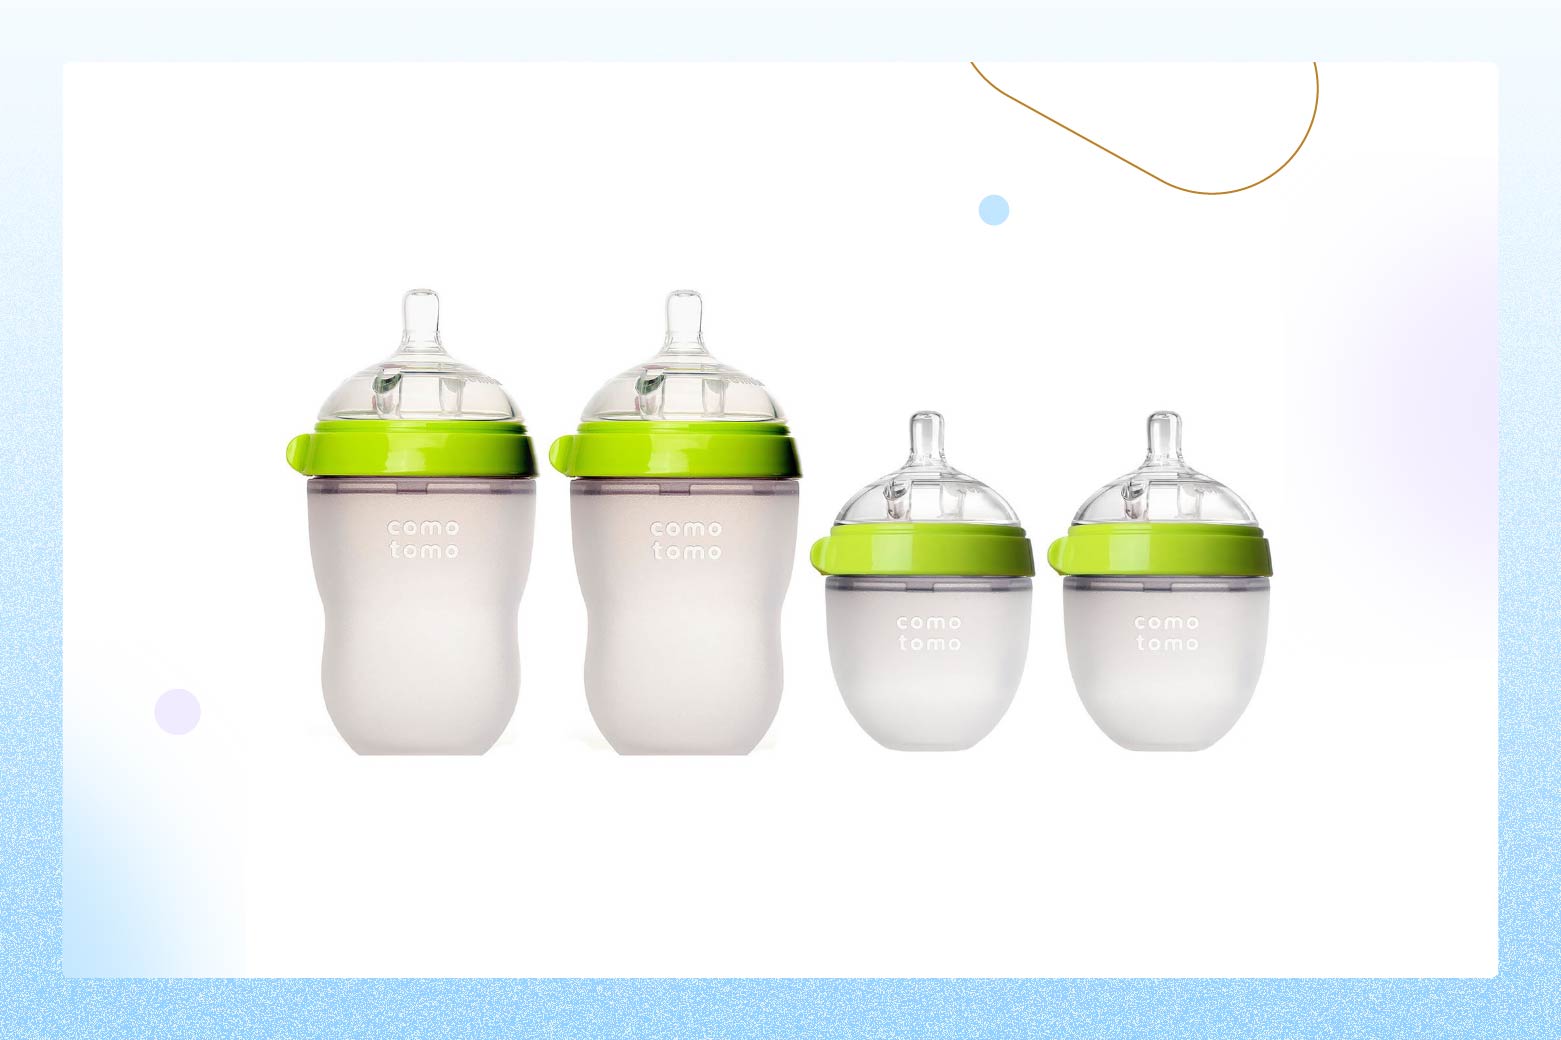 Product photo of four Comotomo Baby Bottles, two 5 ounce bottles and two 8 ounce bottles
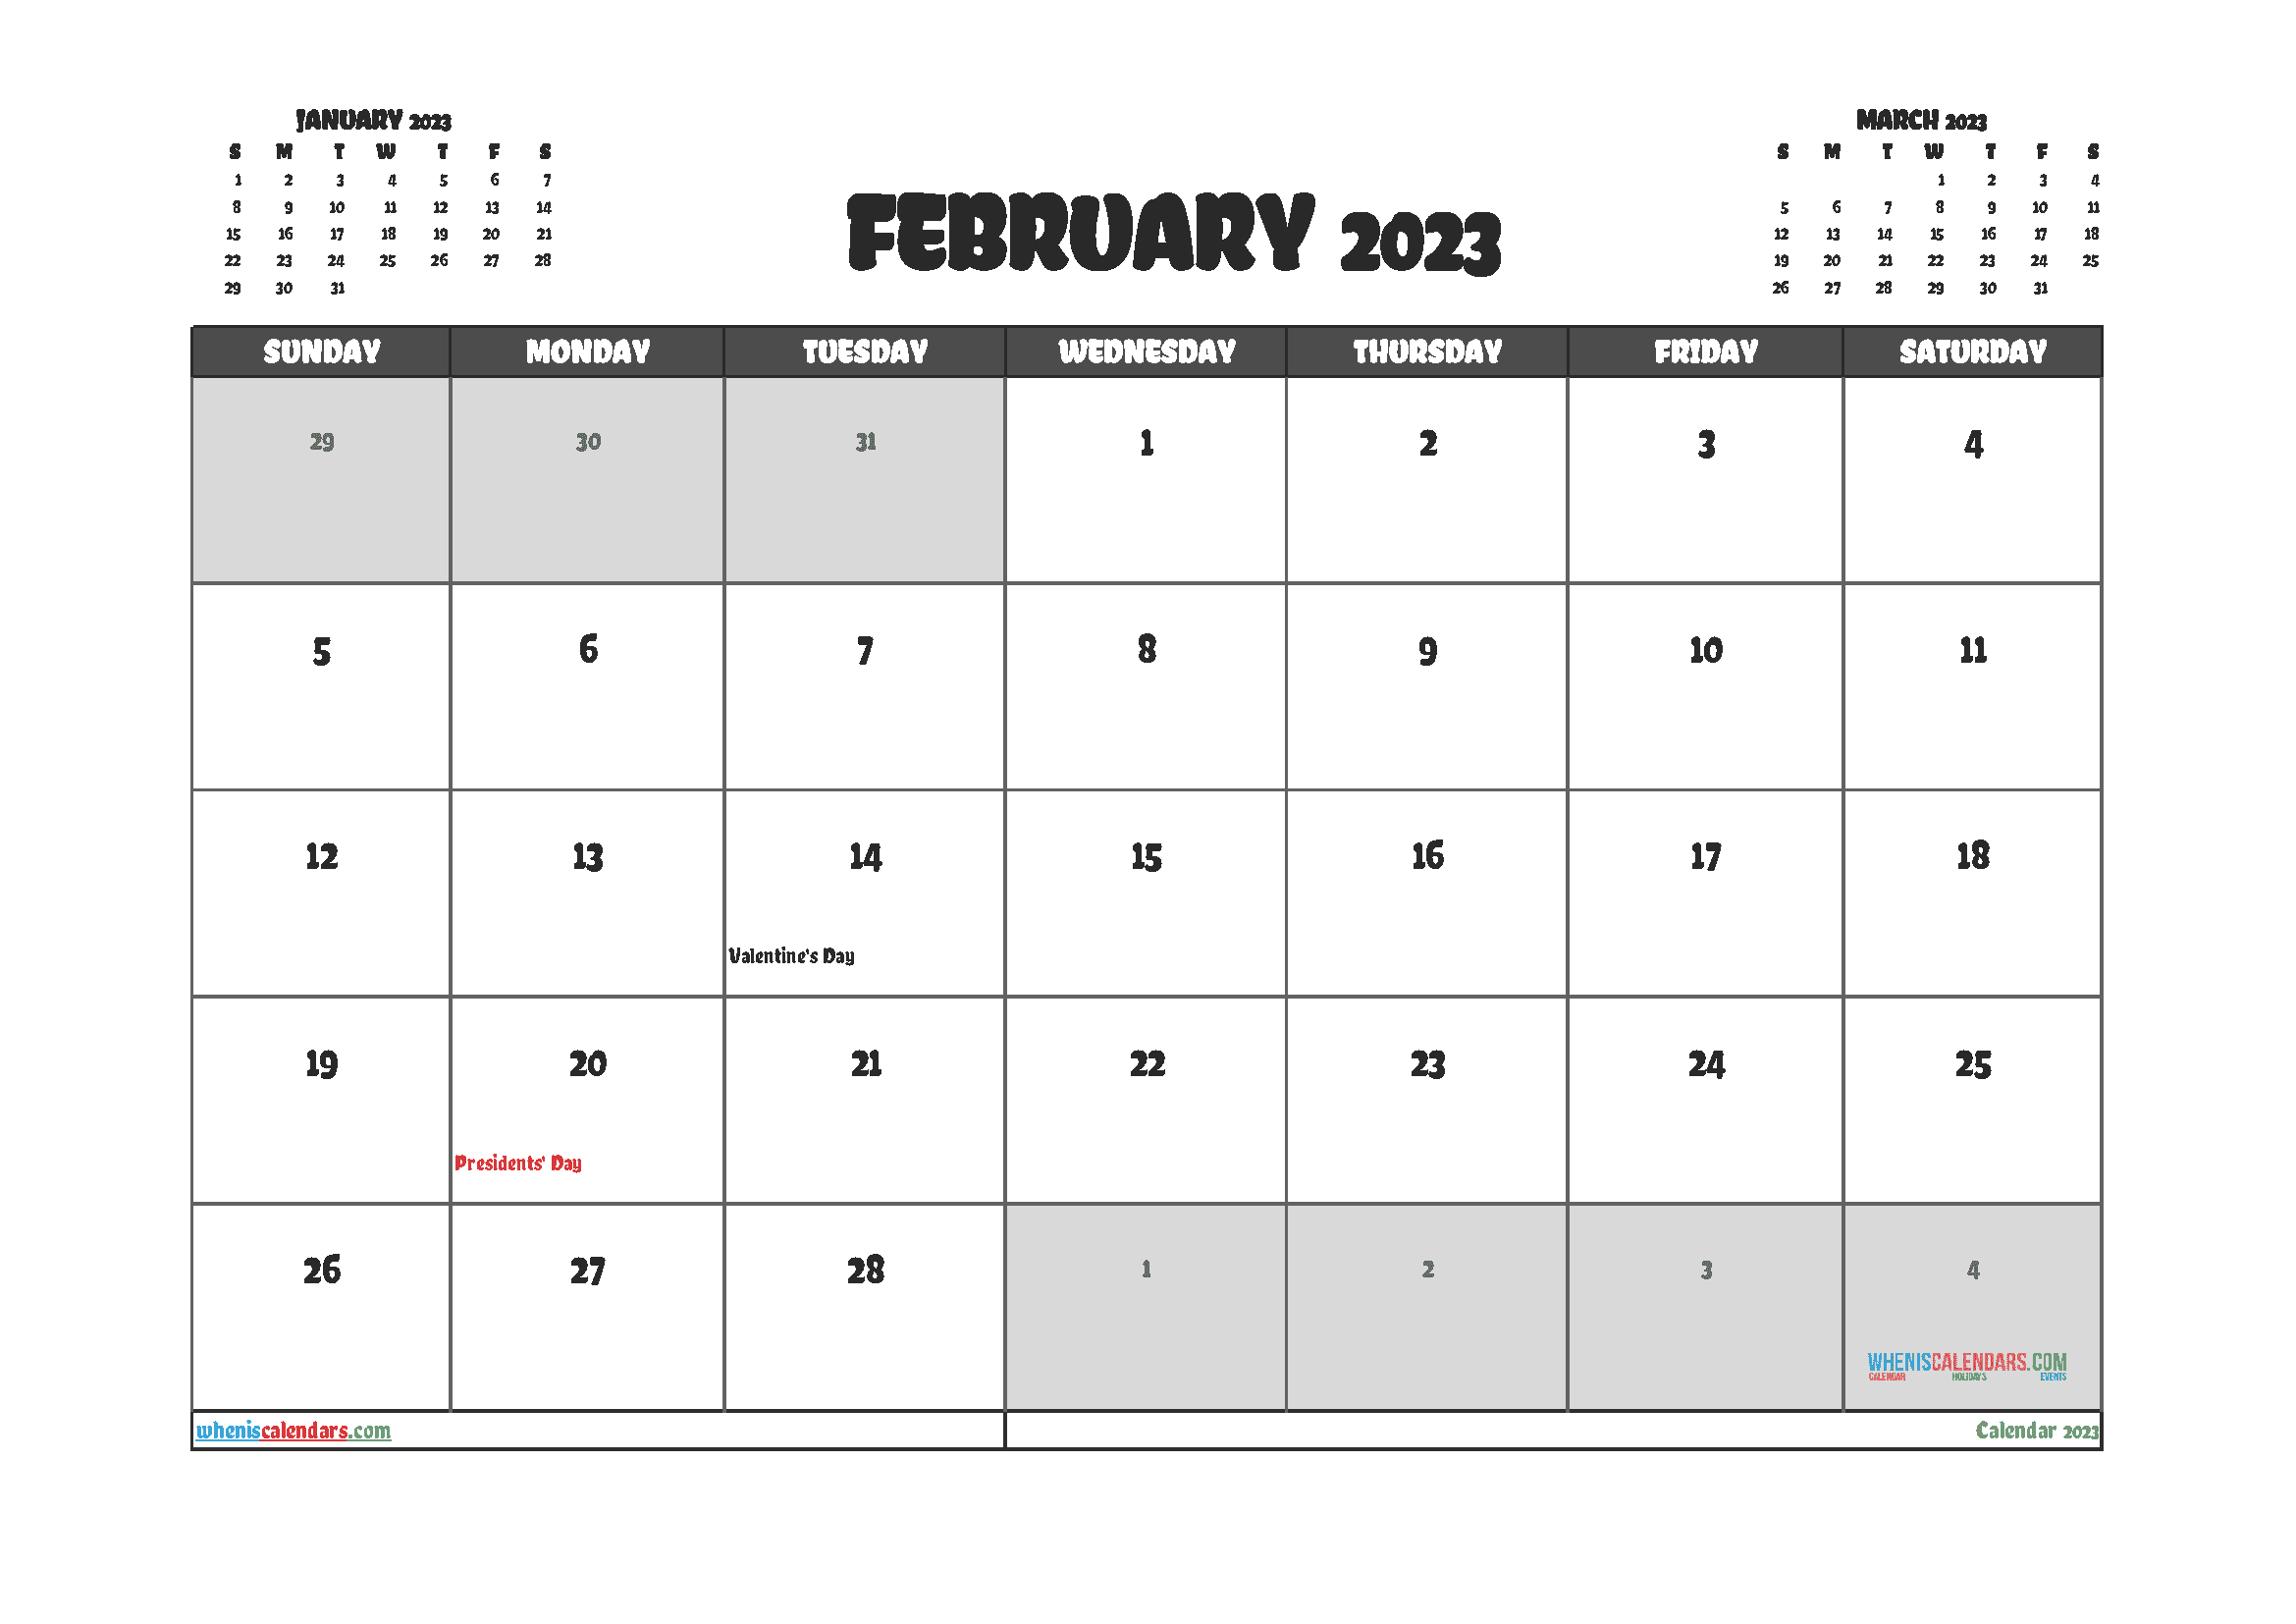 Free Calendar 2023 February with Holidays PDF in Landscape
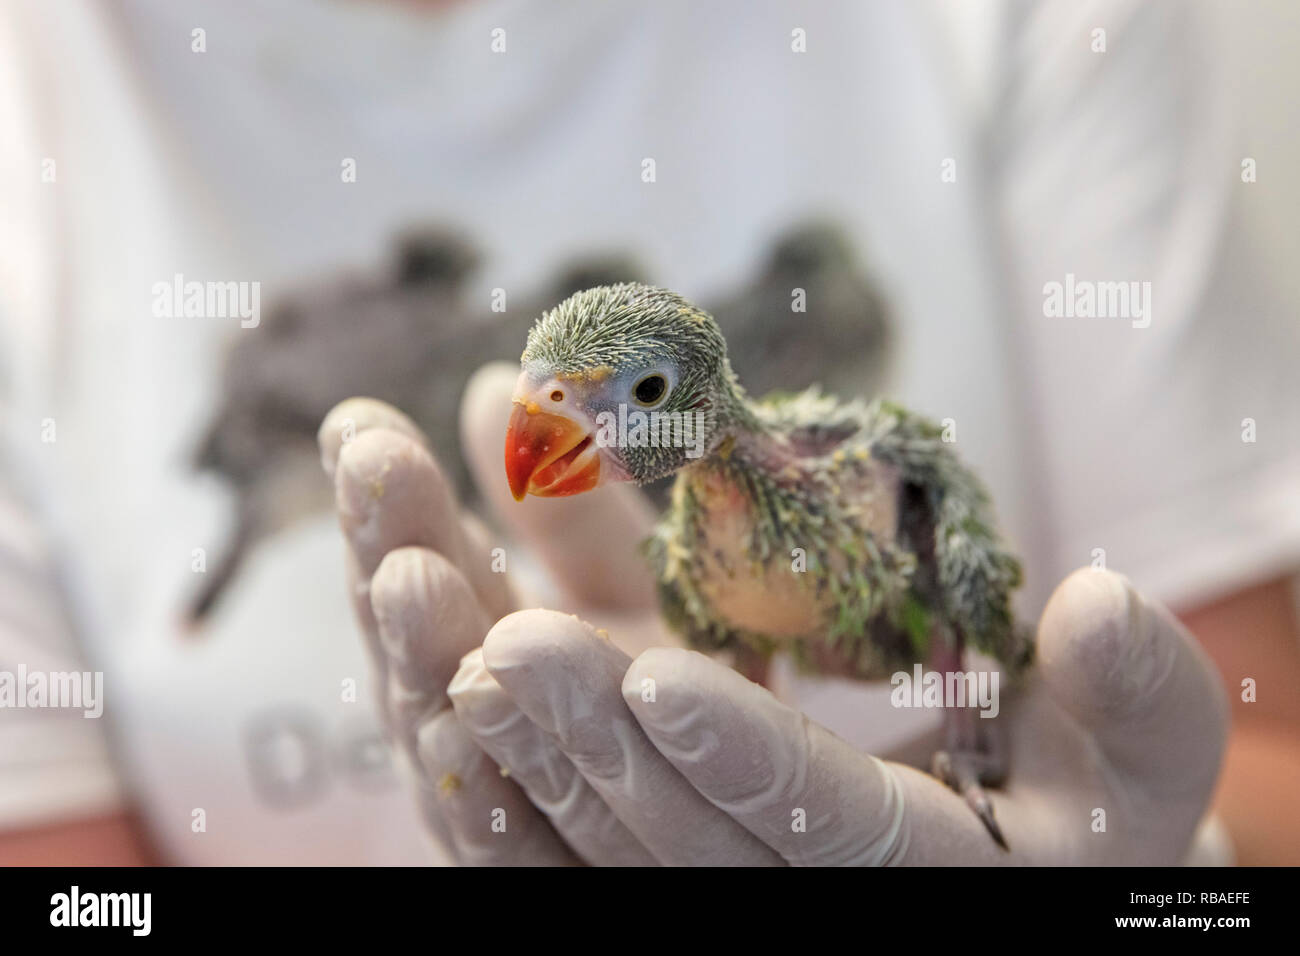 The Netherlands, Amsterdam, Bijlmermeer, Animal Rescue Center DeToevlucht. Young Rose-ringed parakeet. Stock Photo
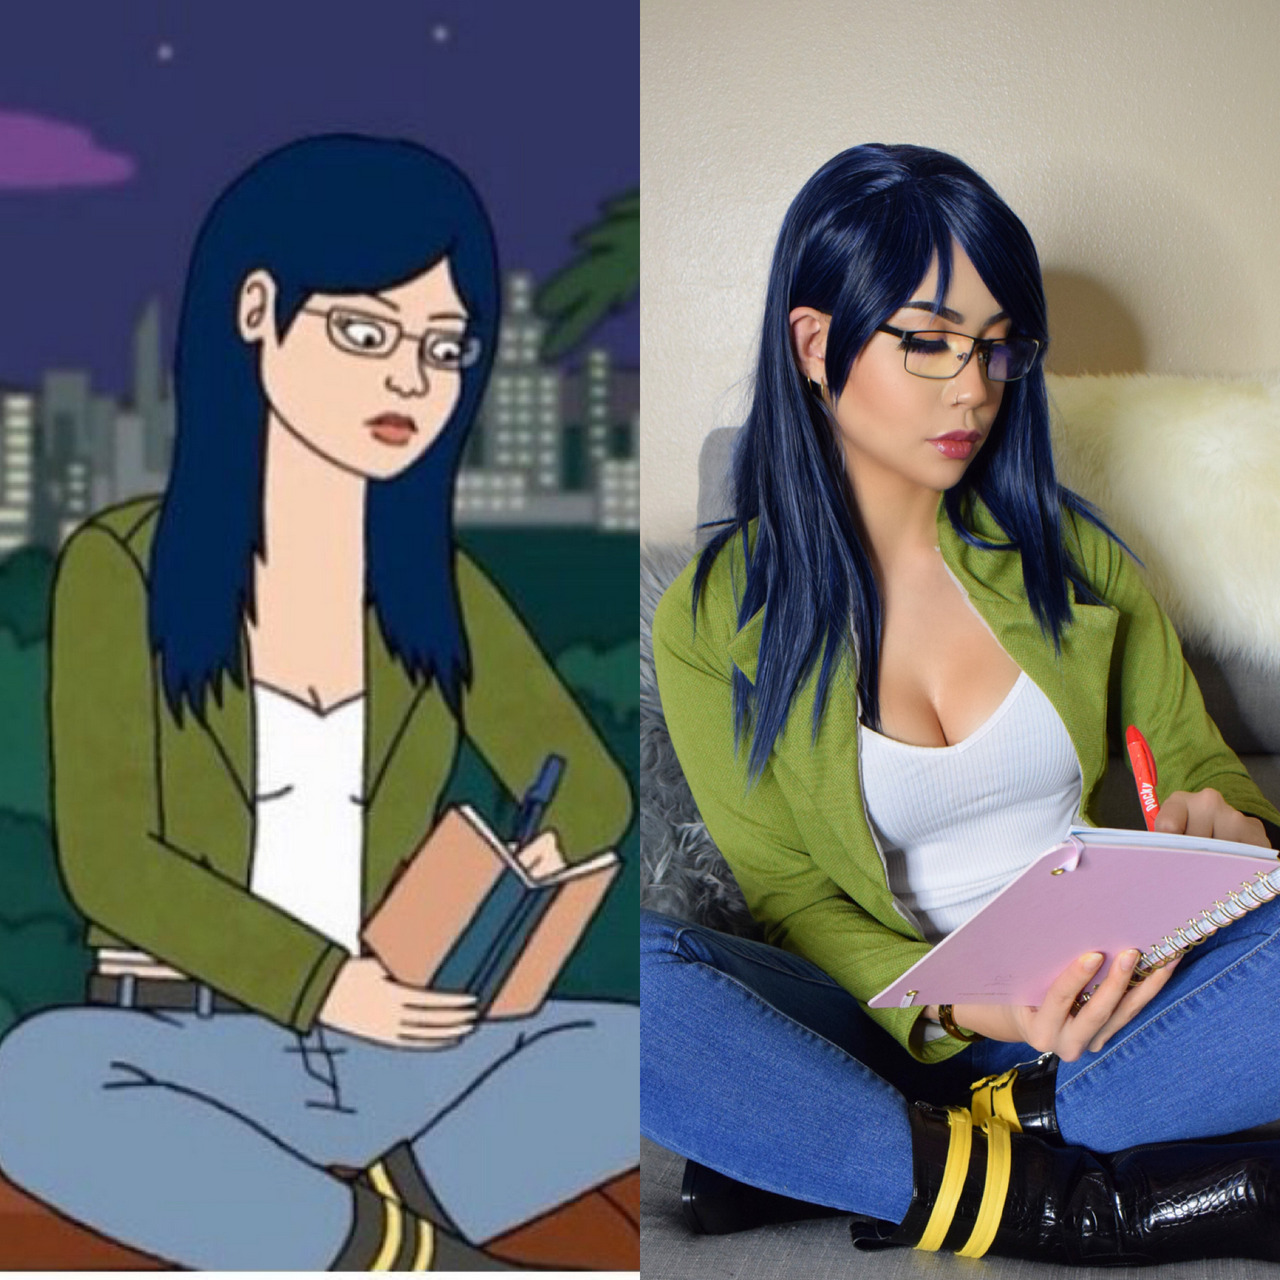 Diane Nguyen From Bojack Horseman Side By Side Cosplay By Felicia Vo
____________
* Prompt: Each line of the material goes into your copy unchanged, but no picture does.

* Expected answer:
 Product photo of four Comotomo Baby Bottles, two 5 ounce bottles and two 8 ounce bottles
 Free Calendar 2023 February with Holidays PDF in Landscape
 The Netherlands, Amsterdam, Bijlmermeer, Animal Rescue Center DeToevlucht. Young Rose-ringed parakeet. Stock Photo
 Diane Nguyen From Bojack Horseman Side By Side Cosplay By Felicia Vo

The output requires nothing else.